Proverbs 22-24: The Cure
The cure for what ails us comes through the discipline to follow the rules laid out for us. The writers remind us of the basic tenets of good living. Later in the Gospel story, Jesus’ words and actions remind us that God’s wisdom is so often the reverse of our own.
It’s wrong, very wrong,
to go along with injustice.
Whoever whitewashes the wicked
gets a black mark in the history books,
But whoever exposes the wicked
will be thanked and rewarded.
The practical precepts of Proverbs follow.
- Don’t walk on the poor just because they’re poor, and don’t use your position to crush the weak . . .
- Don’t hang out with angry people; don’t keep company with hotheads . . .
- Don’t gamble on the pot of gold at the end of the rainbow, or hock your house against a lucky chance . . .
- Don’t stealthily move back the boundary lines staked out long ago by your ancestors . . .
- Observe people who are good at their work—skilled workers are always in demand and admired . . .
- When you go out to dinner with an influential person,mind your manners . . .
- Don’t wear yourself out trying to get rich; restrain yourself!
- Don’t accept a meal from a tightwad; don’t expect anything special . . .
- Don’t bother talking sense to fools; they’ll only poke fun at your words . . .
- Don’t cheat orphans out of their property, for they have a powerful Advocate
who will go to bat for them . . . - Give yourselves to disciplined instruction; open your ears to tested knowledge . . .
- Don’t be afraid to correct your young ones . . .
- Dear child, if you become wise, I’ll be one happy parent . . .
- Don’t for a minute envy careless rebels . . .
- Oh listen, dear child—become wise; point your life in the right direction. Don’t drink too much wine and get drunk; don’t eat too much food and get fat . . .
- Listen with respect to the father who raised you, and when your mother grows old, don’t neglect her . . .

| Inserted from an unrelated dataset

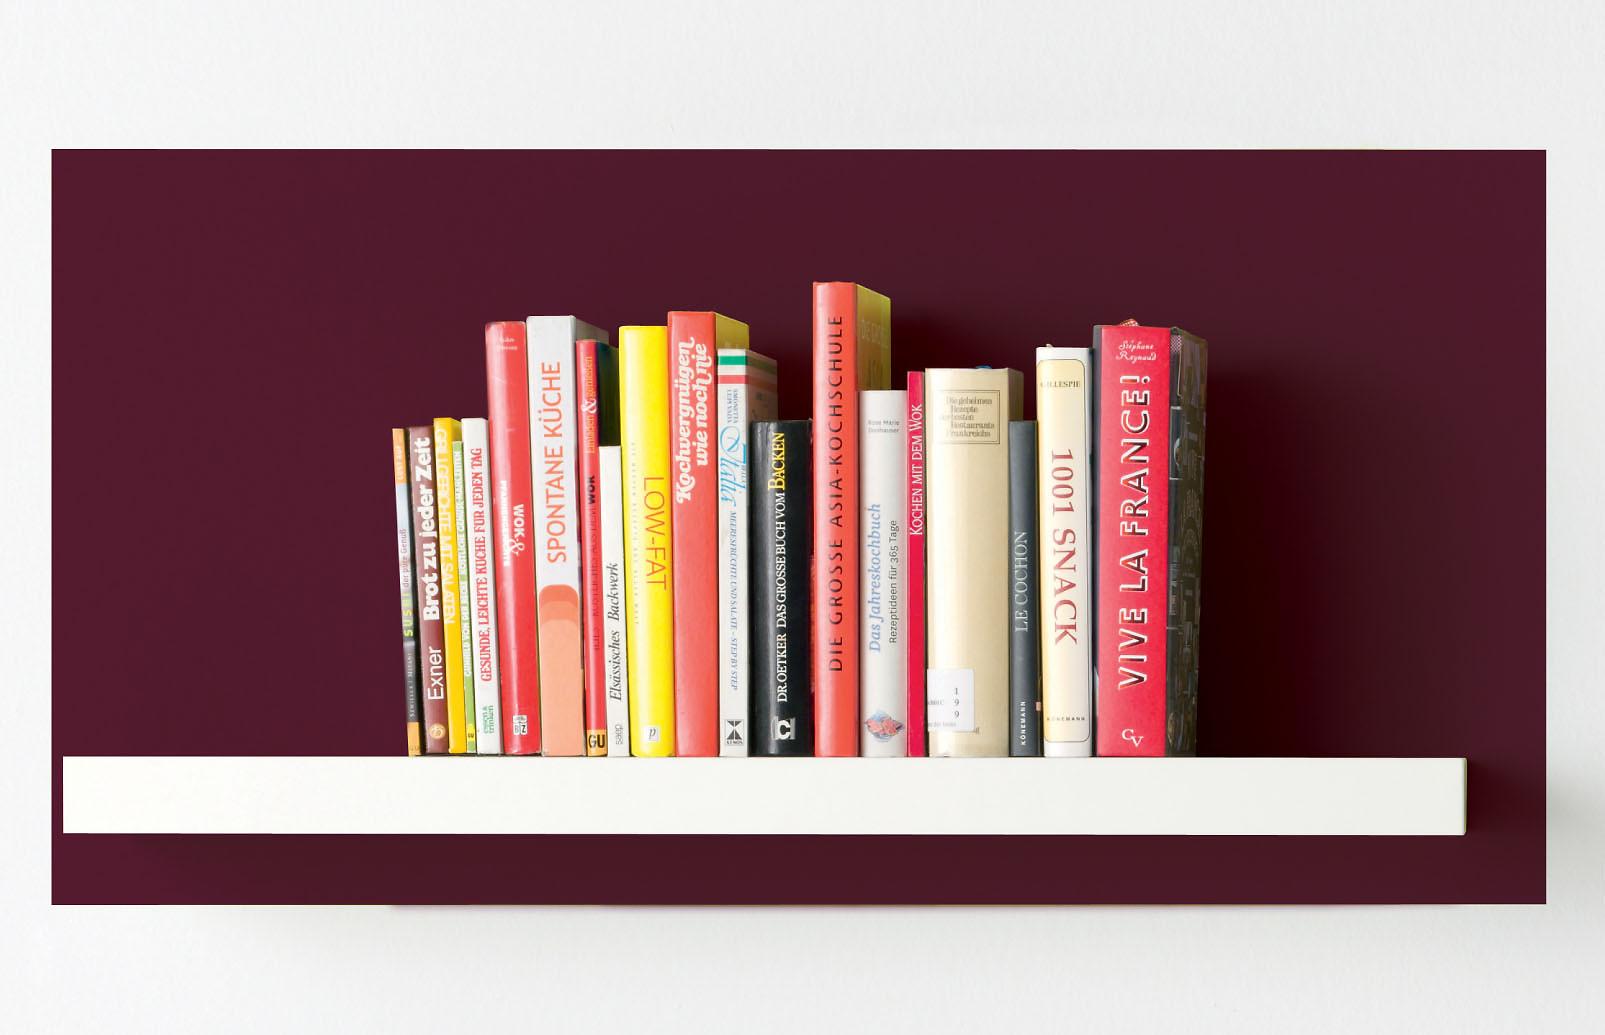 Unglaublich Farbe Beere Ideen Von Violett, Beere: Alpina Color Berry Red -

- A loose woman can get you in deep trouble fast . . .
- Don’t judge wine by its label, or its bouquet, or its full-bodied flavor . . .
- Don’t envy bad people . . .
- It takes wisdom to build a house, and understanding to set it on a firm foundation . . .
- It’s better to be wise than strong . . .
- Wise conversation is way over the head of fools . . .
- Fools incubate sin; cynics desecrate beauty . . .
- If you fall to pieces in a crisis, there wasn’t much to you in the first place . . .
- Rescue the perishing; don’t hesitate to step in and help . . .
- Knowledge and wisdom for your soul—get that and your future’s secured,
your hope is on solid rock . . . - Don’t interfere with good people’s lives; don’t try to get the best of them . . .
- Don’t laugh when your enemy falls; don’t crow over his collapse . . .
- Don’t bother your head with braggarts or wish you could succeed like the wicked . . .
- Fear God, dear child—respect your leaders . . .
Heavy doses of humility and generosity bring us the cure that heals all that divides us from God and on another. When we compare varying translations of these verses, we find the ingredients of the remedy that restores us.